Cluster 32 with a positive peak of expression at the glaucothoe stage do not have TFs with significant changes of expression (Fig. 4G). This cluster contains various processes of activation of the immune response, apparently especially important at this stage7. For cluster 8, a decrease in expression was recorded at the glaucothoe stage. The GO enrichment analysis revealed only two terms: “fatty acid elongation, saturated fatty acid” and “fatty acid elongation, monounsaturated fatty acid”, which describe metabolic processes. A decrease in gene expression of this cluster at glaucothoe probably correlates with reduced feeding at the stage. The cluster has a total of 161 sequences and Mnt TF. The Mnt antagonizes cell growth promoting functions of the product encoded by Myc42.
Partly, the glaucothoe stage, together with juvenile, is characterized by cluster 13 (Fig. 4H), inclusive 278 genes and 2 TFs (Rel and Kr-h1). There are 3 enrichment processes here: “response to starvation”, “metamorphosis”, and “response to ecdysone”. These GO terms correlate with the processes occurring at the glaucothoe stage. During this period, the larva does not feed and transforms from a planktonic form to a benthic one12. The Relish (Rel) regulates the antibacterial and antiviral response, that reflected by not significantly enriched GO terms43. The Kruppel homolog 1 (Kr-h1) plays as ecdysone-induced metamorphosis regulator as well as repressor of neurogenesis in D. melanogaster44. The latter function of Kr-h1 in P. camtschaticus correlates with the inhibition of axonogenesis processes at the glaucothoe stage (Fig. 3).
The juvenile stage is characterized by clusters 4 and 9, but the latter has no TFs (Fig. 4I). Cluster 4 was the largest one by number of genes and contained 1903 contigs, a quarter of all detected DEGs. It also contains the most TFs (slbo, Ets21C, Ssb-c31a, aop, and drm). GO terms are associated with various aspects of the neural system development and morphogenesis, the heart, eye, and tracheal system development, and also immune response. This corresponds to the activation of organogenesis processes occurring after metamorphosis in crabs.

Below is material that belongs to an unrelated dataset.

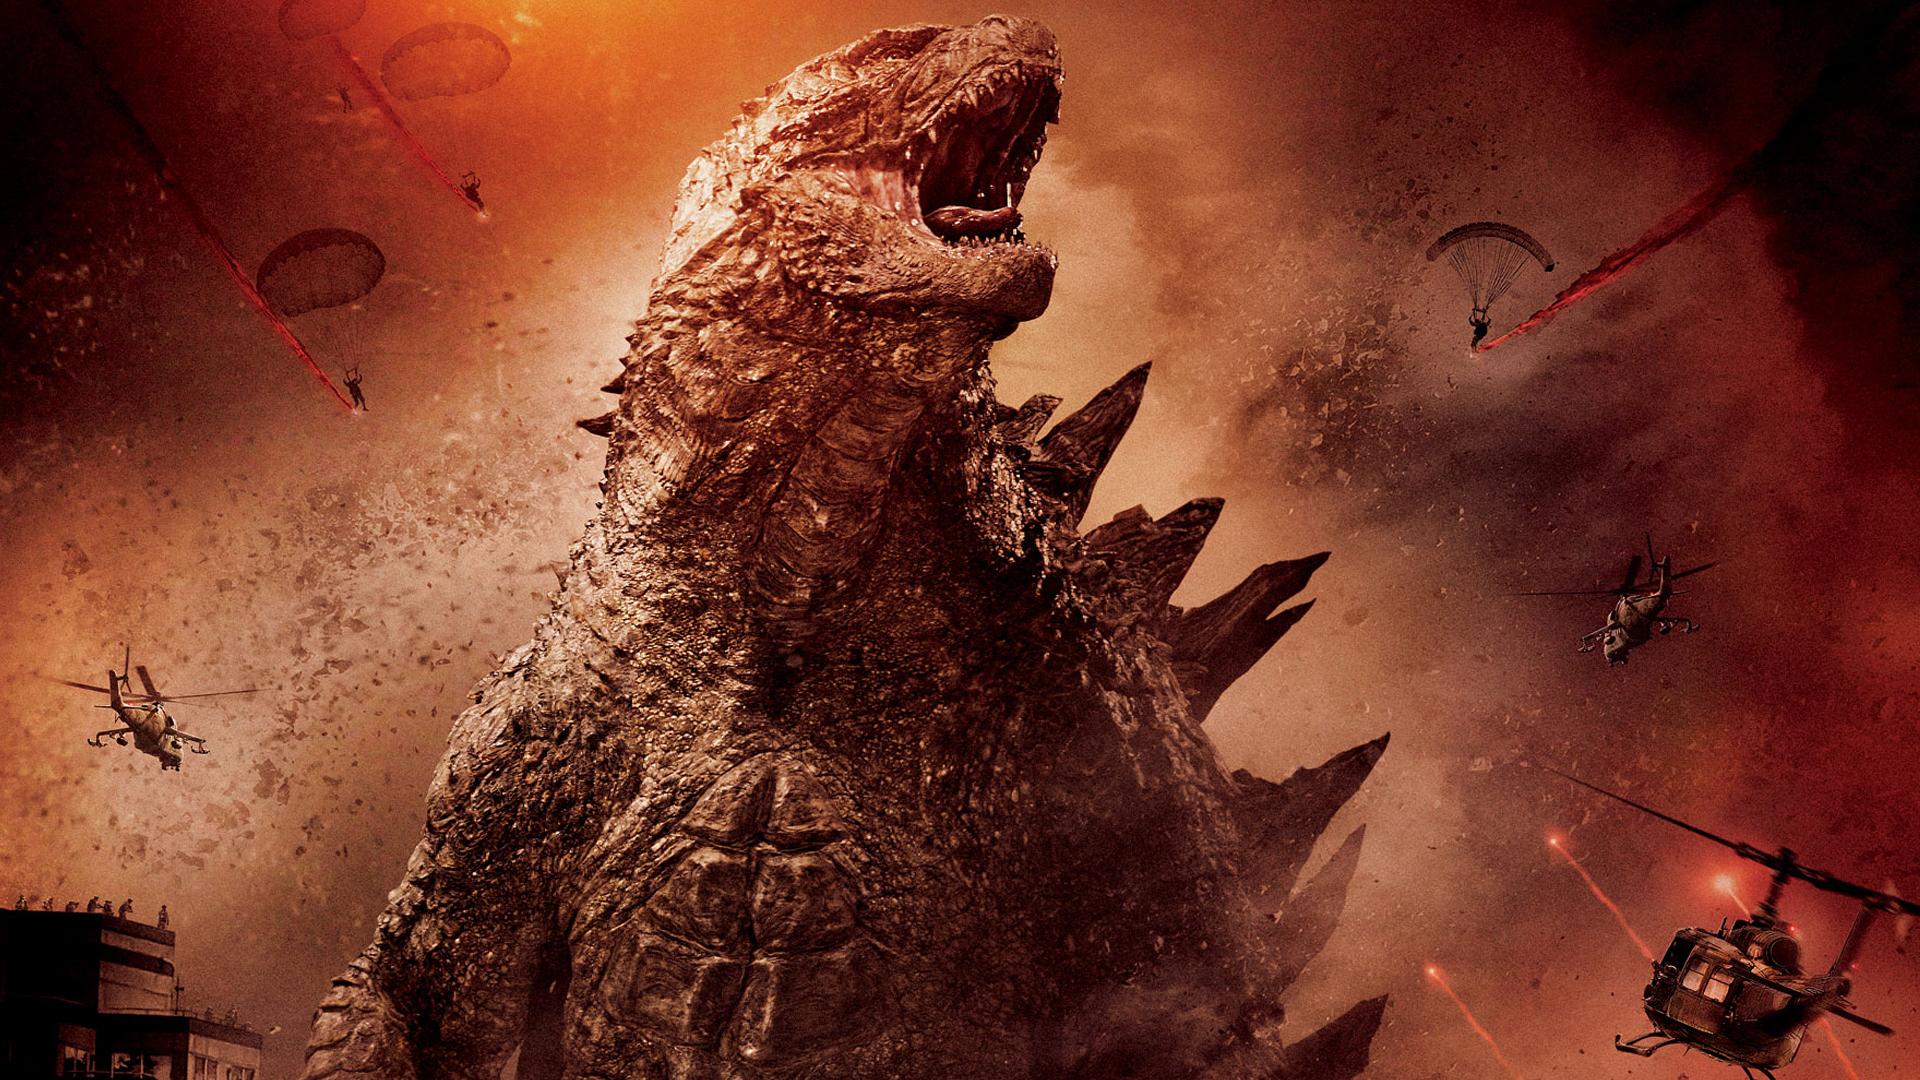 Godzilla Wallpaper Latest Hd Wallpapers 1920x1080

The slow border cells (slbo) protein involved at the epithelial cell migration during D. melanogaster ovarian development45. The Ets at 21C (Ets21C) protein possibly controls gene expression in response to infection or oncogene activation, but certain functions are unknown46. There are responses to bacterium processes here, but these are not significantly enriched. The Single stranded-binding protein c31A (Ssb-c31a) has unknown functions47. The anterior open (aop) protein acts downstream of the receptor tyrosine kinase signaling to regulate cell fate transitions critical to the development of many tissues including the nervous system, heart, trachea, and eye48–50. The drumstick (drm) protein involved in developmental patterning, cell fate specification, and gut morphogenesis51,52. Apparently, aop and drm in P. camtschaticus juveniles regulate similar processes.